How to build a successful culture

April 1, 2021
What is dental practice culture, and why should you care about it? It defines who you are and how your patients view you, and ultimately leads to your success.
Jay Geier, Founder, Scheduling Institute

Editor's note: This is Part 2 in a two-part article about culture in the dental office. Part one is "Culture: The ultimate competitive advantage." 

In my last article, I explained why a great culture, unique to your office and your team, is your ultimate competitive advantage. A great culture will engage people in their work, retain and attract top talent, and impress patients, which leads to referrals and attracts new patients.

In contrast, a culture that exists by “default” will give you the same results you’ve always gotten. It’s time to do something different to get different results. In this article I’ll share the proven process for building an intentional culture that, when combined with great leadership, will unlock the highest potential of your people and business. 

Step 1: Be open to learning

Be open to an aspect of practice management you may not have given much thought to, and then trust that you can learn it. Having self-trust in your abilities is essential to being an effective leader. You can’t expect others to trust in you if you don’t trust in yourself.

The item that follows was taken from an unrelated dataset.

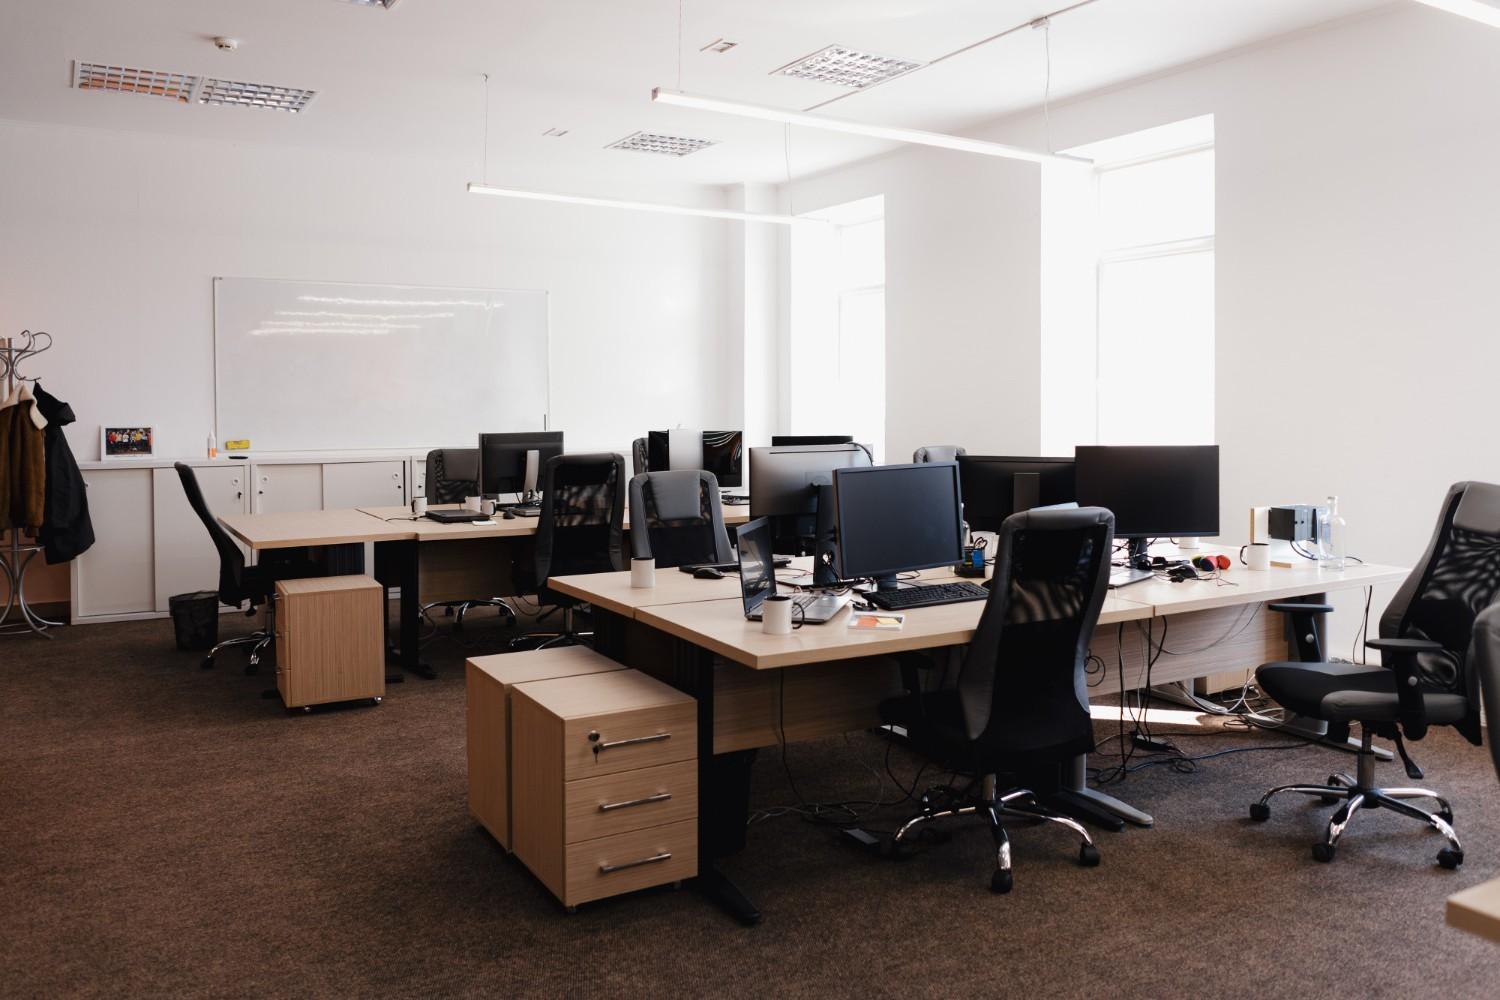 Product Moving Offices? Let Our Office Relocation Tech Support Services Do All The Work! - IT Support Services Toronto, North York, Richmond Hill, Mississauga, Oakville, Markham image

Building this new skill set may initially feel out of your comfort zone, but it’s well worth the effort. A great office culture makes coming to work much more enjoyable, while also driving business results.

Step 2: Maintain ownership

The culture of your practice is defined by the values, expected behaviors, and ways of working that you want in your business. As the owner-doctor, you are and always will be the primary owner of your culture, and you must intentionally and consistently role model and reward the right behaviors and actions. You can delegate aspects of execution, but the minute you stop paying attention, you send the message that it’s not that important to you. Your team will quickly decide it’s not important to them either and they may inadvertently veer off course.

That said, in addition to you, each person must own the culture by taking personal responsibility for doing their part—as individuals and team members—to live the culture you’ve established as “your way of doing business.” 

Step 3: Assess your current culture

Honestly assess your existing culture. Get an objective handle on what it really is, not what you think it is, for the unbiased truth. Try these approaches:

  • Anonymously survey the team.
  • Ask for honest feedback in a group setting. (People may feel safer speaking up with the moral support of others.)
  • Meet with each team member one-one-on and ask, “What’s the one thing you think I most do not want to hear?”

This assessment will tell you if you have something worth building on, or if you need to start anew. At Scheduling Institute’s first “Culture Fest” in June 2019, owner-doctors held frank discussions with the team members who attended with them. More than half realized they needed to reset their culture. Some went so far as to have a “funeral” for their culture, a symbolic and fun event that signaled the doctor was committed to working with the team to make big changes. 

We expect the same outcome from first-time attendees at Culture Fest 2.0 in October 2021, and we’ll hear success stories from those who rebirthed their cultures in 2019.

Step 4: Define your desired culture

Use the honest feedback to help you identify the culture you want to create, and the values, expected behaviors, and desired ways of working. Think about how you want your patients to feel about coming to your practice, and your team members to feel about working there. Here are some ideas to think about:

  • Patients are top-of-mind in all decisions, actions, and behaviors.
  • Patients feel well-cared for, not just clinically, but throughout their experiences with every team member and every process.
  • Team members are honest and respectful of one another. 
  • Team members are positive, enthusiastic, and accountable working as individuals and teams to achieve agreed-upon growth goals.
  • Top-notch performance and continuous improvement are supported through learning and development.
  • You serve your community as well as your patients.

Step 5: Build the right team

You can’t build a solid culture on a faulty foundation. You need people who share your values, are committed to behaving as you expect, and who deliver what you want for your patients and your bottom line. Unless you’re just starting a practice and recruiting a team, building the right team for the culture you want is more about refining the team you have. 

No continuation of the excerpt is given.